O cinema americano, que tem outra
de suas mais espetaculares capacidades em conseguir tematizar-se enquanto se
faz, lidou com a noção do espetáculo e sua mistura com a vida (até, muitas
vezes, tornarem-se um só) muitas vezes ao longo do século, mas em especial no cinema
mais recente, onde a TV passa a ter a força e a onipresença que adquiriu
recentemente. Não por acaso a TV, seu processo de realização e, mais do que
tudo, o poder sobre o espectador, está presente em filmes tão diferentes quanto 15 Minutos e A Hora do Show, ou nos filmes
que lidam mais diretamente com conceitos sobre a questão do reality show, desdeO
Show de Truman a O Sobrevivente, passando por ed tv ouShowtime. Mas, talvez, a
característica mais interessante que une estes filmes seja menos uma possível
reflexão sobre mistura entre vida e espetáculo, e mais a constatação de que
todos (seja em chave cômica-despretensiosa, seja num olhar mais sério) tomam
para si um olhar crítico sobre o fenômeno desta mistura, e acima de tudo, sobre
a TV em si. No entanto, nunca questionam a sua própria produção, a sua própria
espetacularização da vida, a sua própria e muito mais profunda "ilusão de
realidade", que faz as pessoas querendo viver "vida de cinema".
Talvez o exemplo mais clássico seja mesmo Assassinos
por Natureza onde Oliver
Stone liga uma metralhadora giratória que atira para todos os lados, mas nunca
completa o 360º e se volta para si mesmo. O que Hollywood parece tentar é muito
parecido com a cobertura que as empresas jornalísticas costumam fazer quando cobrem
crises econômicas ou negociatas: se auto-impõem o papel de defensoras do povo e
da Humanidade, enquanto invariavelmente escamoteiam os problemas que dizem
respeito a si mesmas ou a empresas do ramo, co-irmãs. Cria-se uma suspensão da
realidade segundo a qual uma tal quarta parede deste jogo teatral nunca pode
ser quebrada. Podemos criticar, mas fazendo força para que não olhem para mim.
Mas, nem sempre foi assim no
cinema americano. Houve alguns cineastas que, nos anos 70 e início dos 80, se
dedicaram a reflexões sobre o estado de espetáculo que seu meio criava com as
pessoas, de forma bem menos complacente consigo mesmos (é importante que
lembremos aqui que a expressão "estado de teatro" se refere
classicamente à corte francesa do século 17, então não é nenhuma novidade
pós-moderna).
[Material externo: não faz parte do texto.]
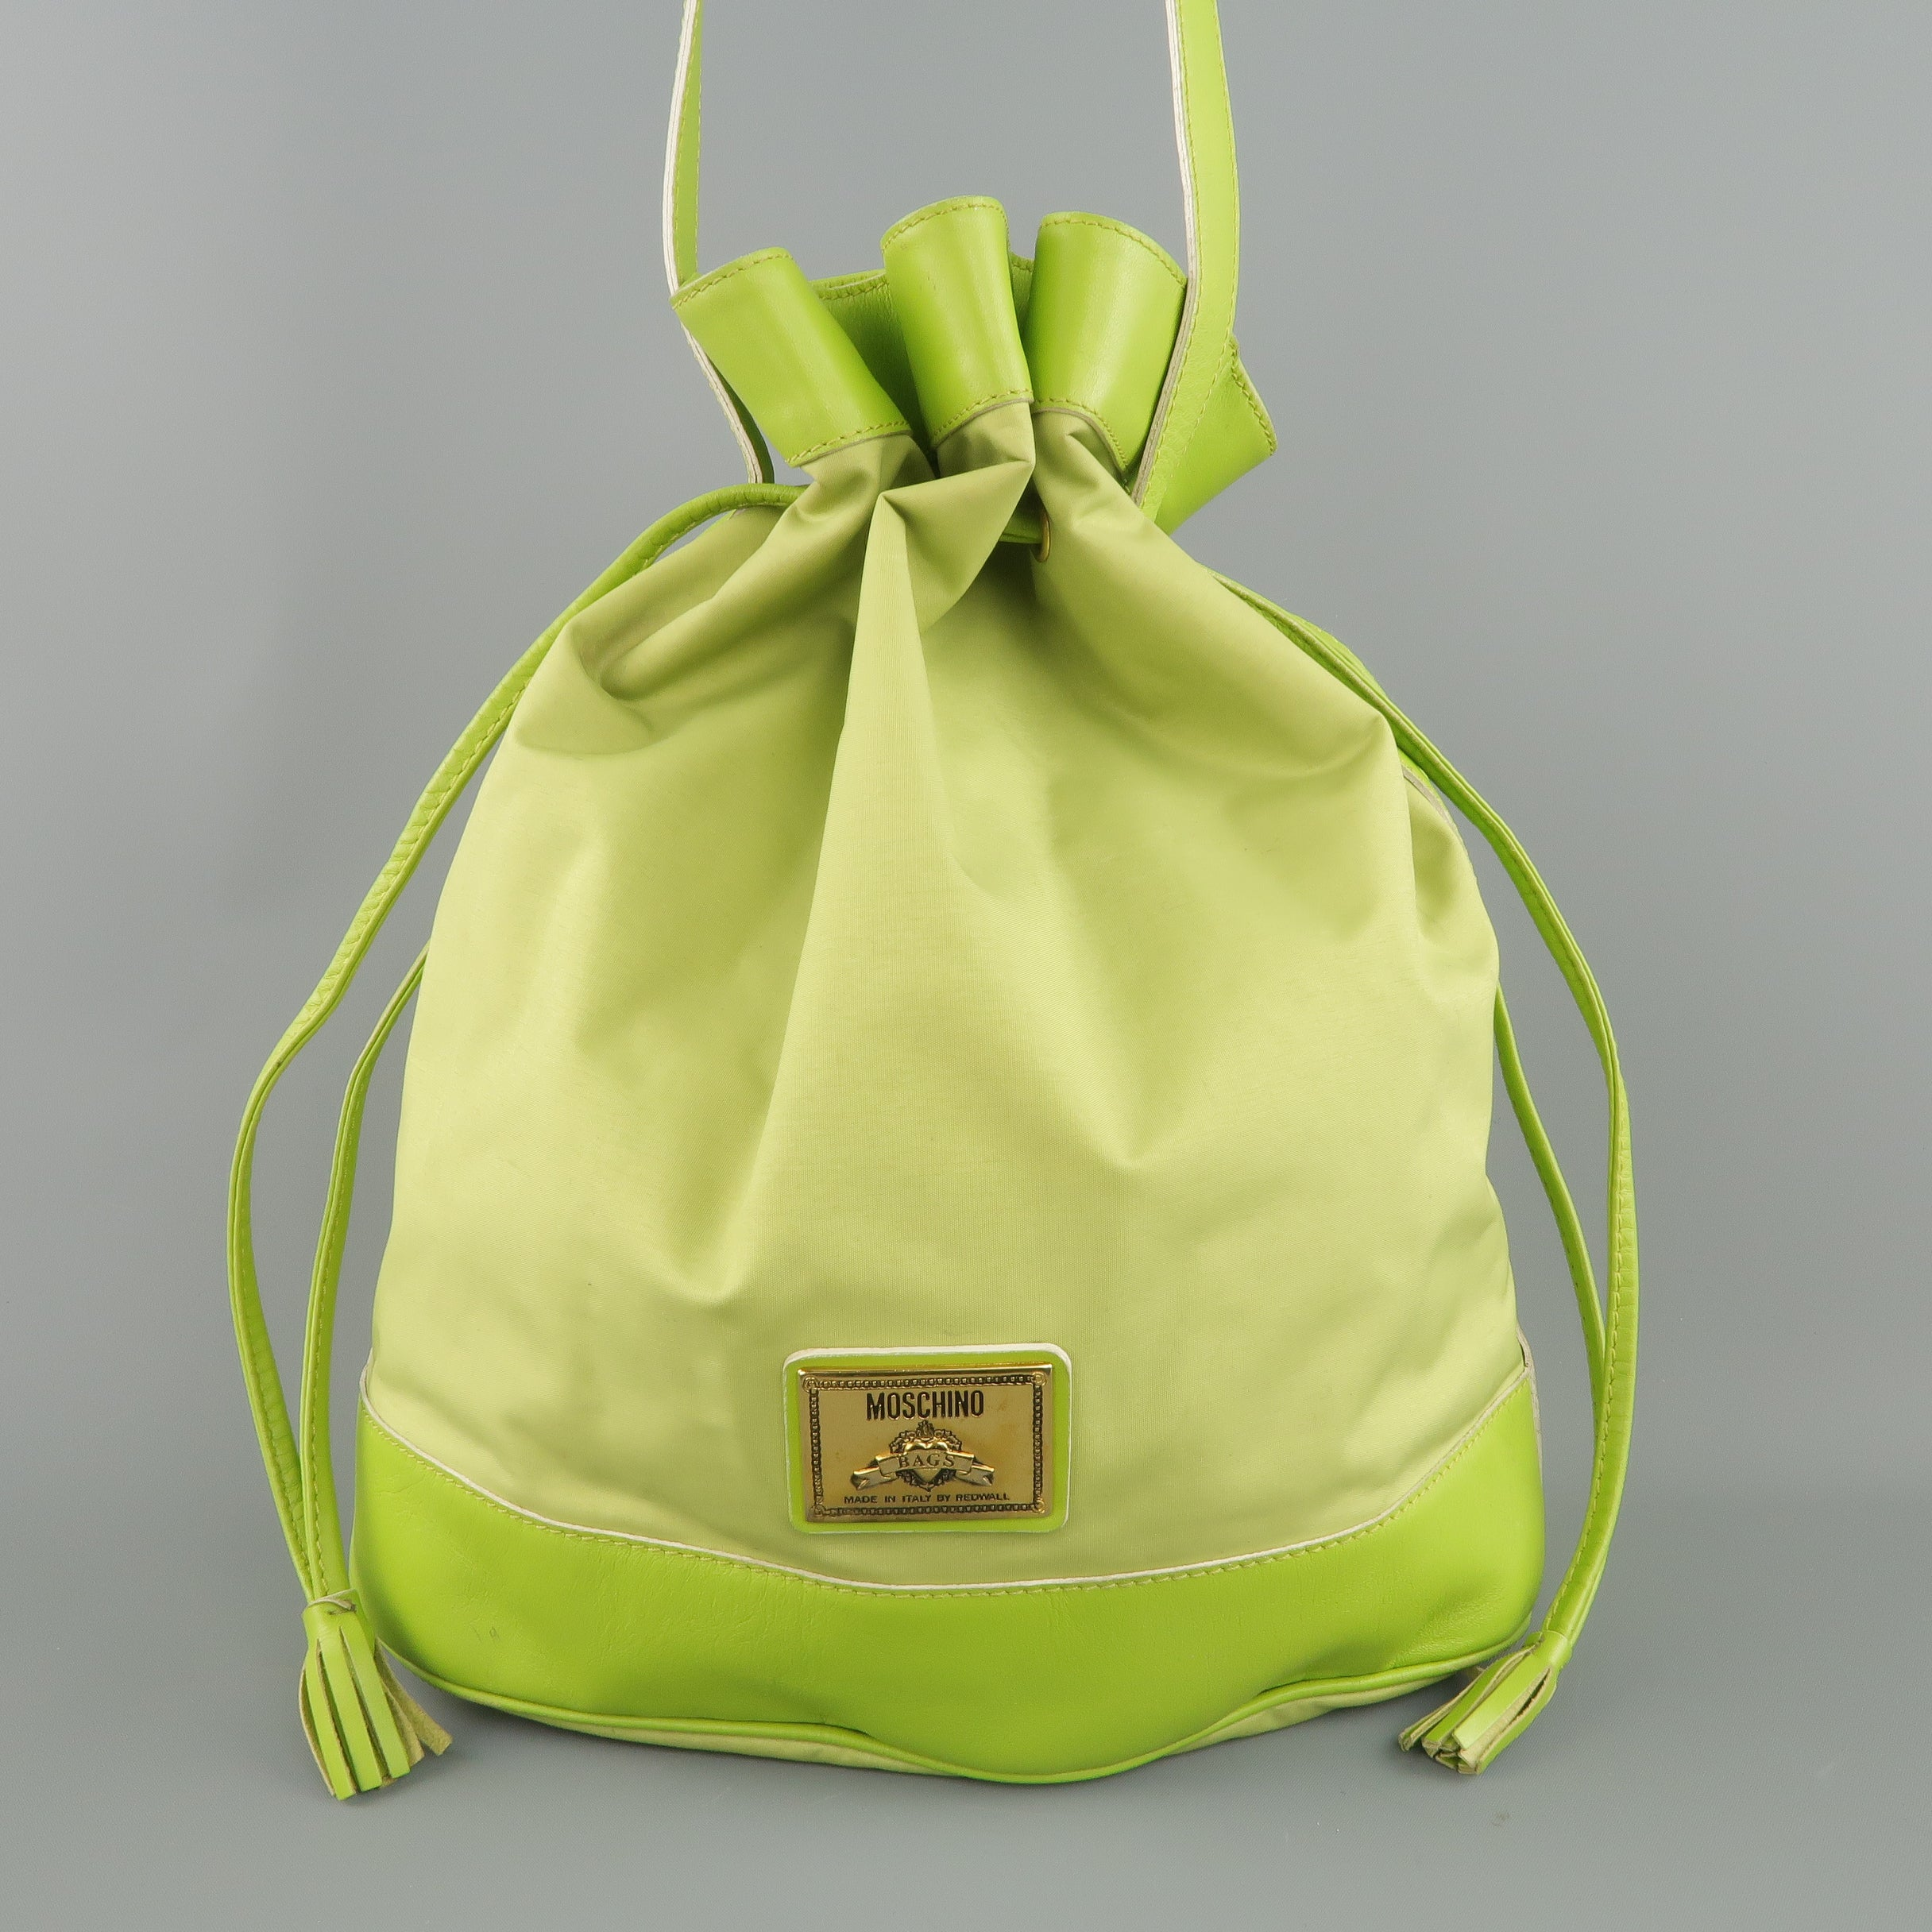 54ebf30299f Vintage 1990s MOSCHINO Green Canvas Drawstring Bucket Handbag For Sale at  1stdibs

Tendo variado do olhar mais lírico (e ainda assim profundamente
crítico) de Coppola em O Fundo
do Coração à amargura de
Martin Scorsese em O Rei da
Comédia, o que se via era uma tematização de uma vida que parava de fazer
sentido frente ao espetacular que era vendido o tempo todo para as pessoas como
algo a se aspirar como objetivo de completude. Você não é ninguém se não está
vivendo um sonho de constante e espetacular proporções.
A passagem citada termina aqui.